* About this task
Practice item. Set the material below down again exactly, with no pictures.

═══ Available data

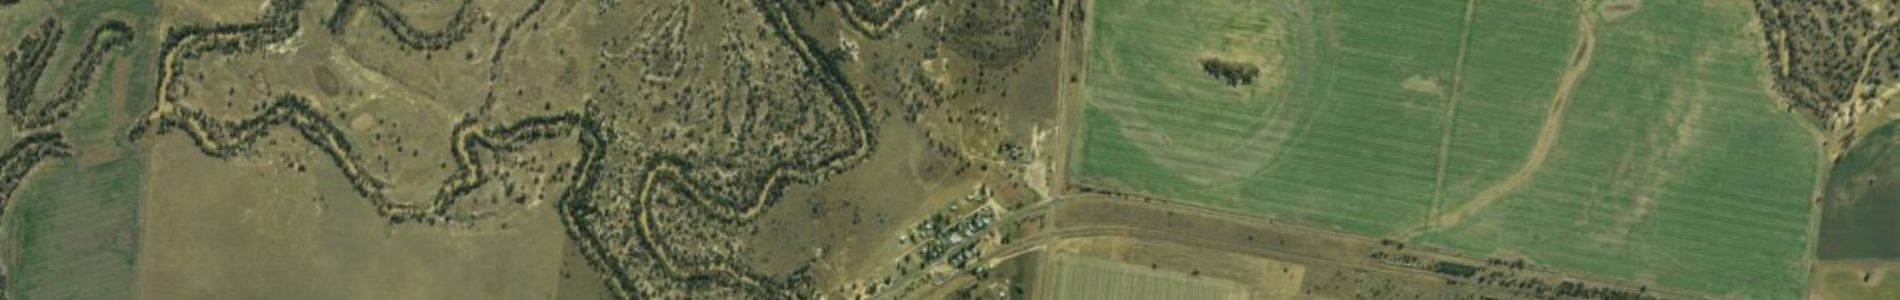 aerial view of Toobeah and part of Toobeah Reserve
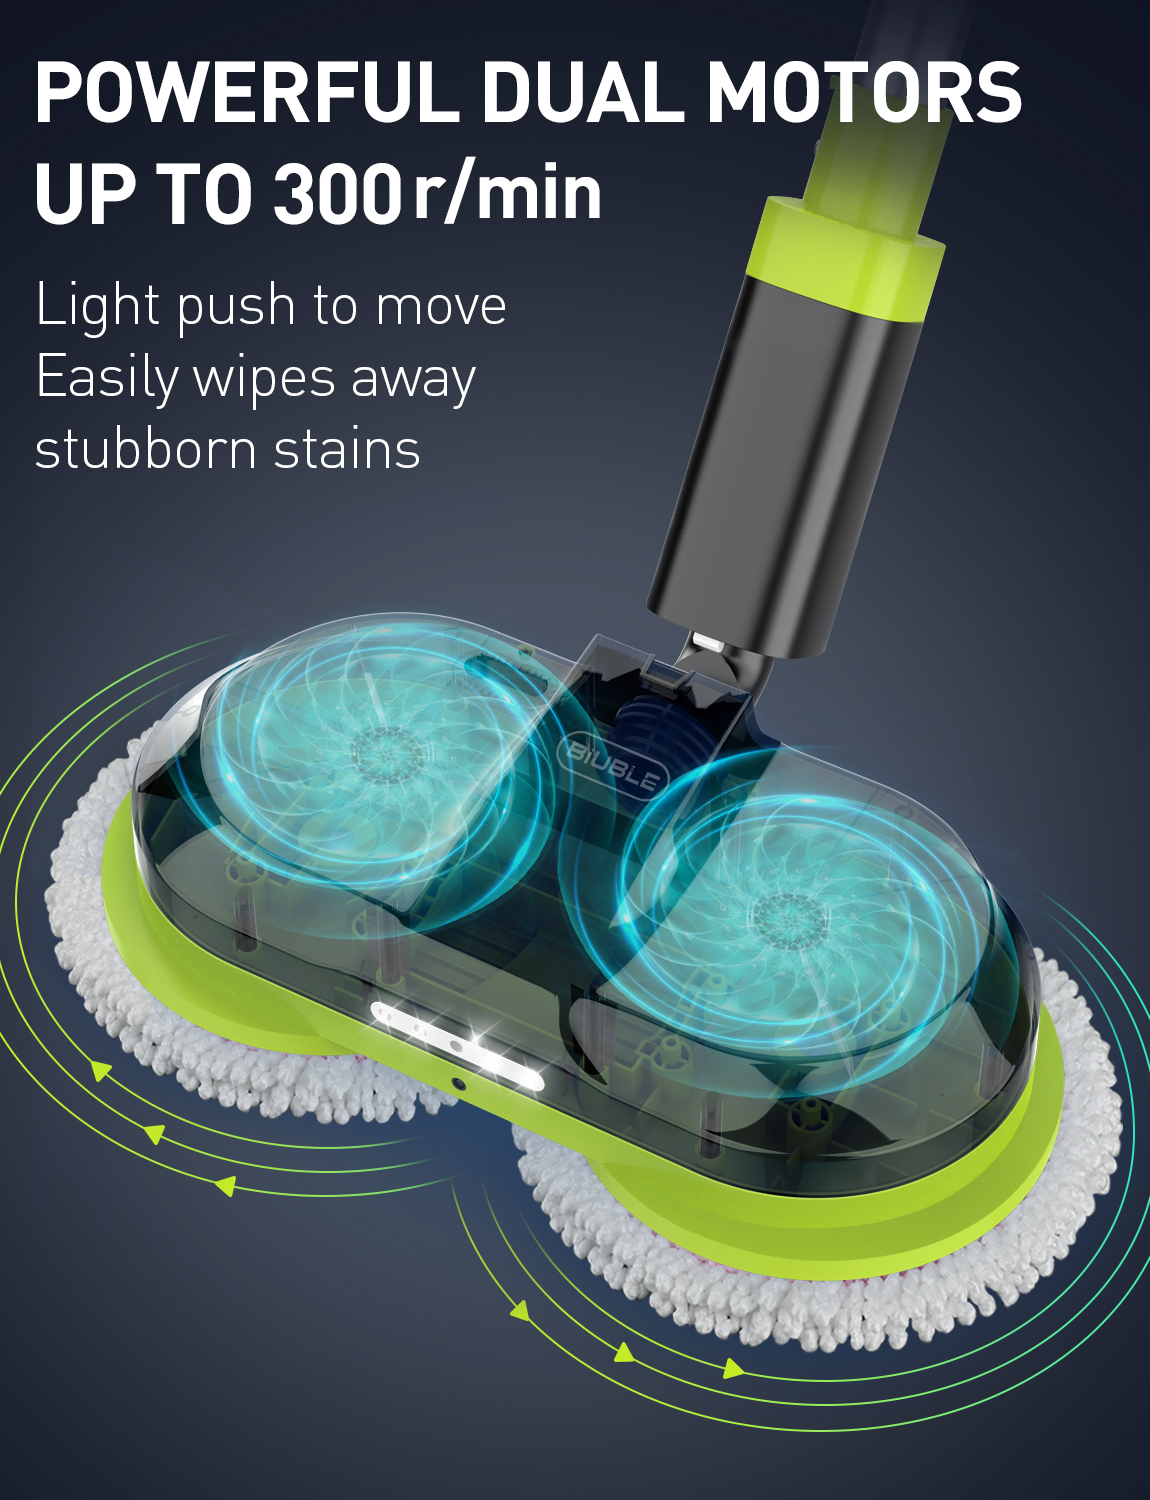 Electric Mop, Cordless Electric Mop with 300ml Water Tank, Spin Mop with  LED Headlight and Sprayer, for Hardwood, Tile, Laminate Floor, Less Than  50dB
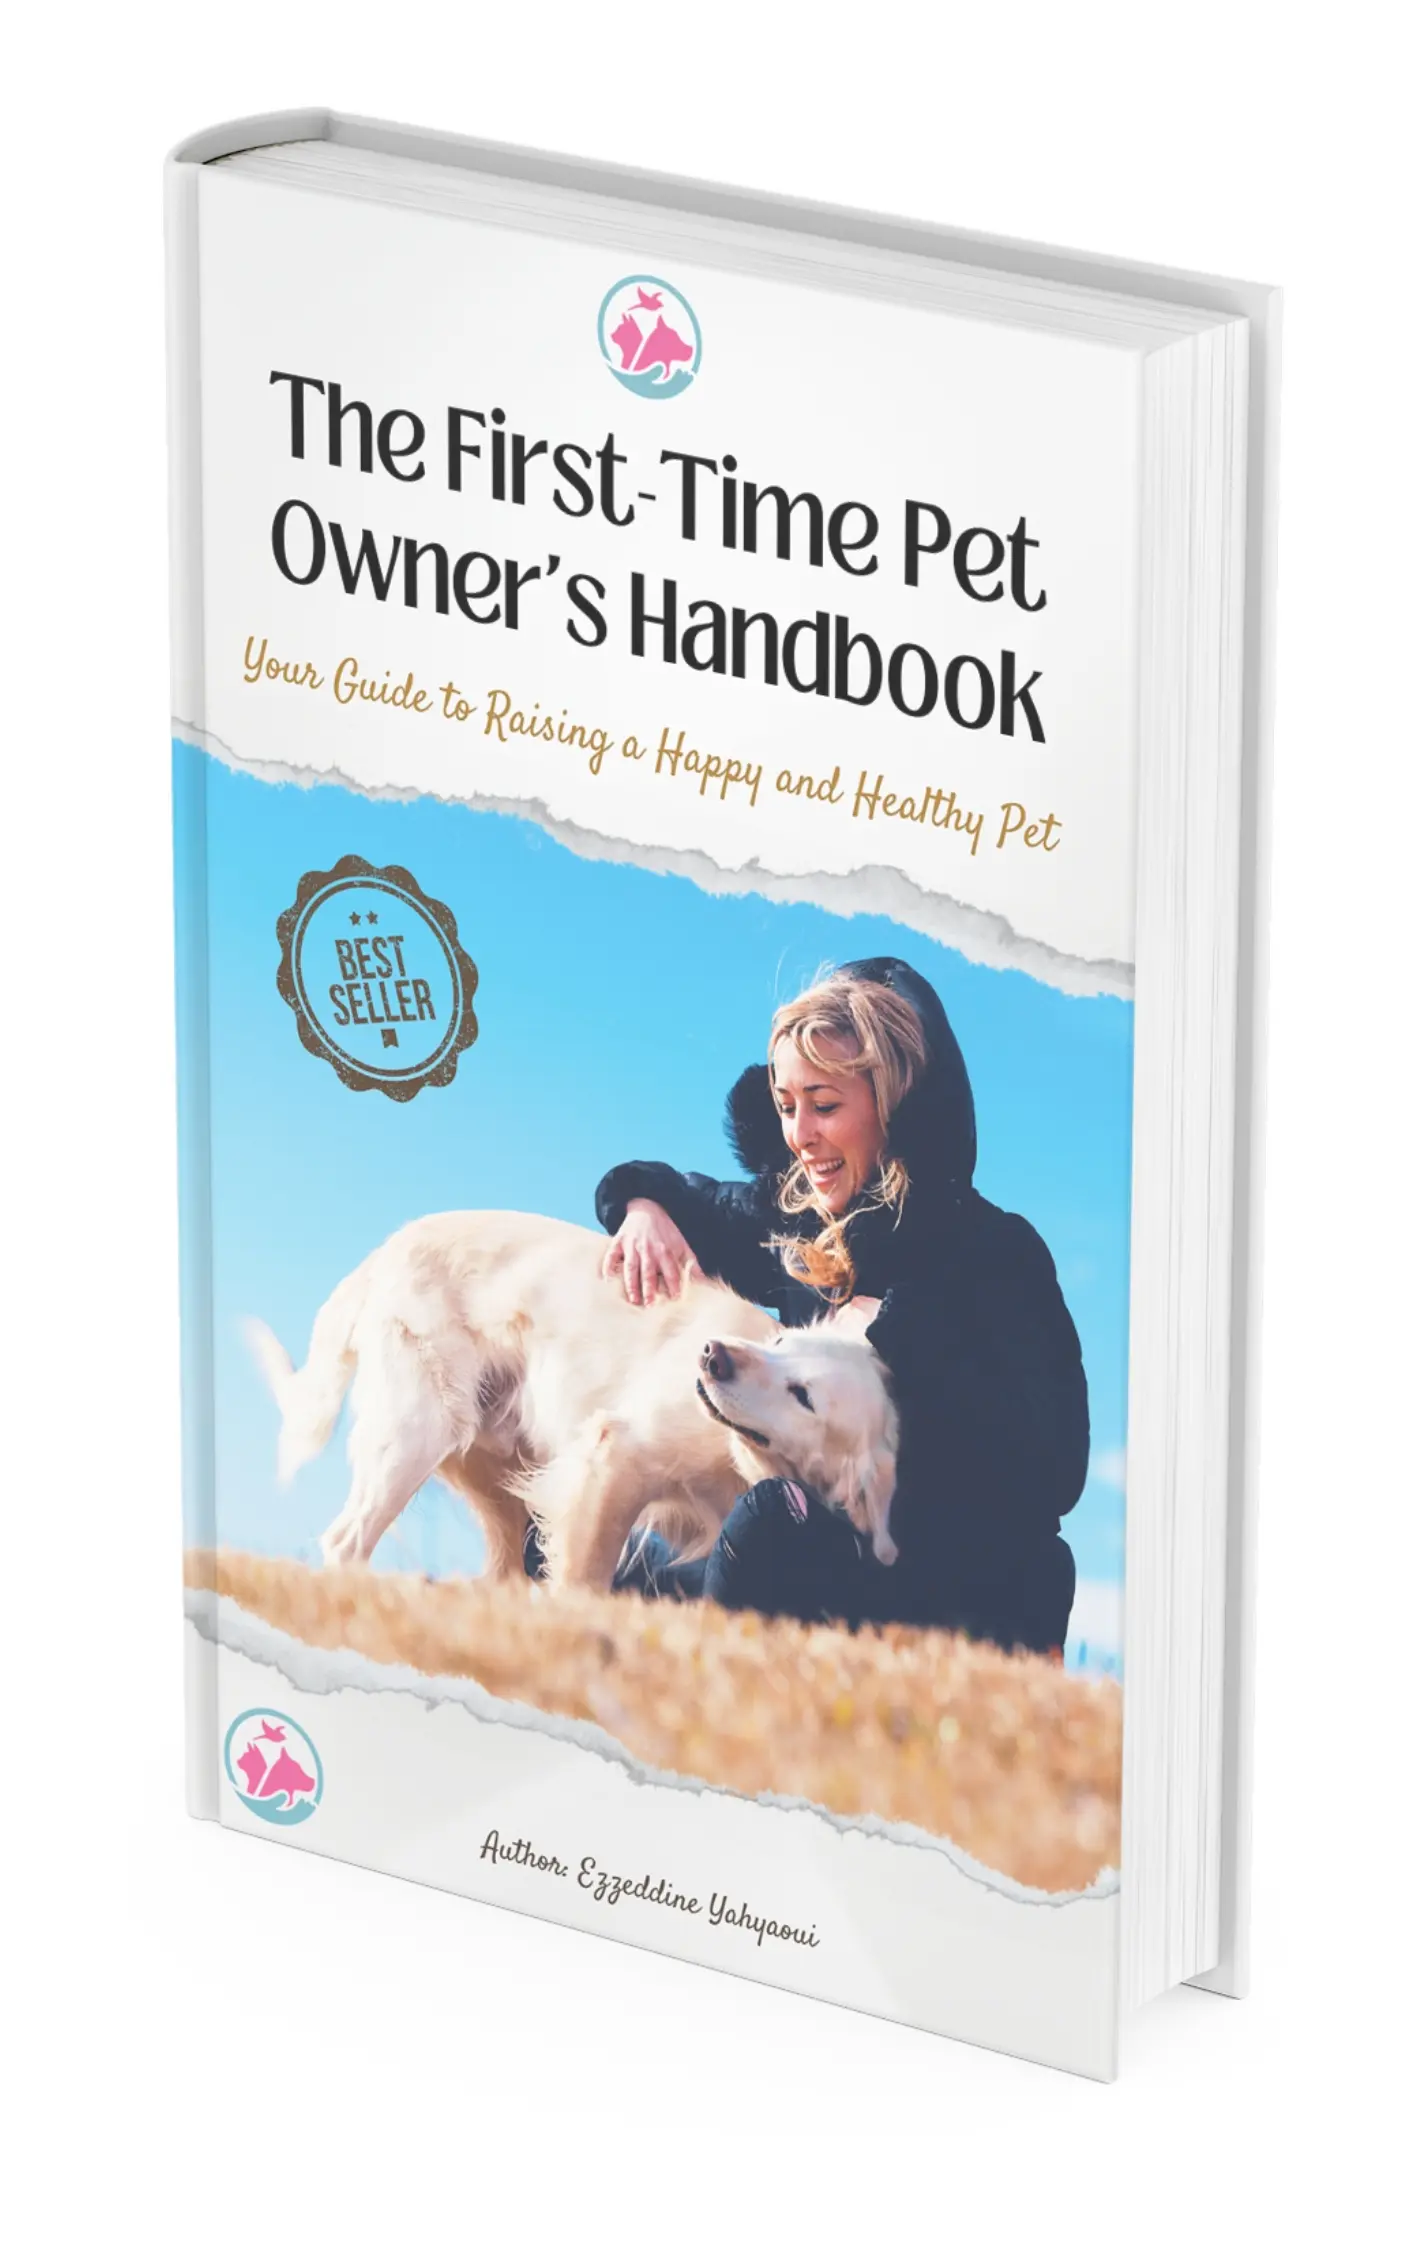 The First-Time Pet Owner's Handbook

══════

* Result of this exercise
 aerial view of Toobeah and part of Toobeah Reserve
 Electric Mop, Cordless Electric Mop with 300ml Water Tank, Spin Mop with  LED Headlight and Sprayer, for Hardwood, Tile, Laminate Floor, Less Than  50dB
 The First-Time Pet Owner's Handbook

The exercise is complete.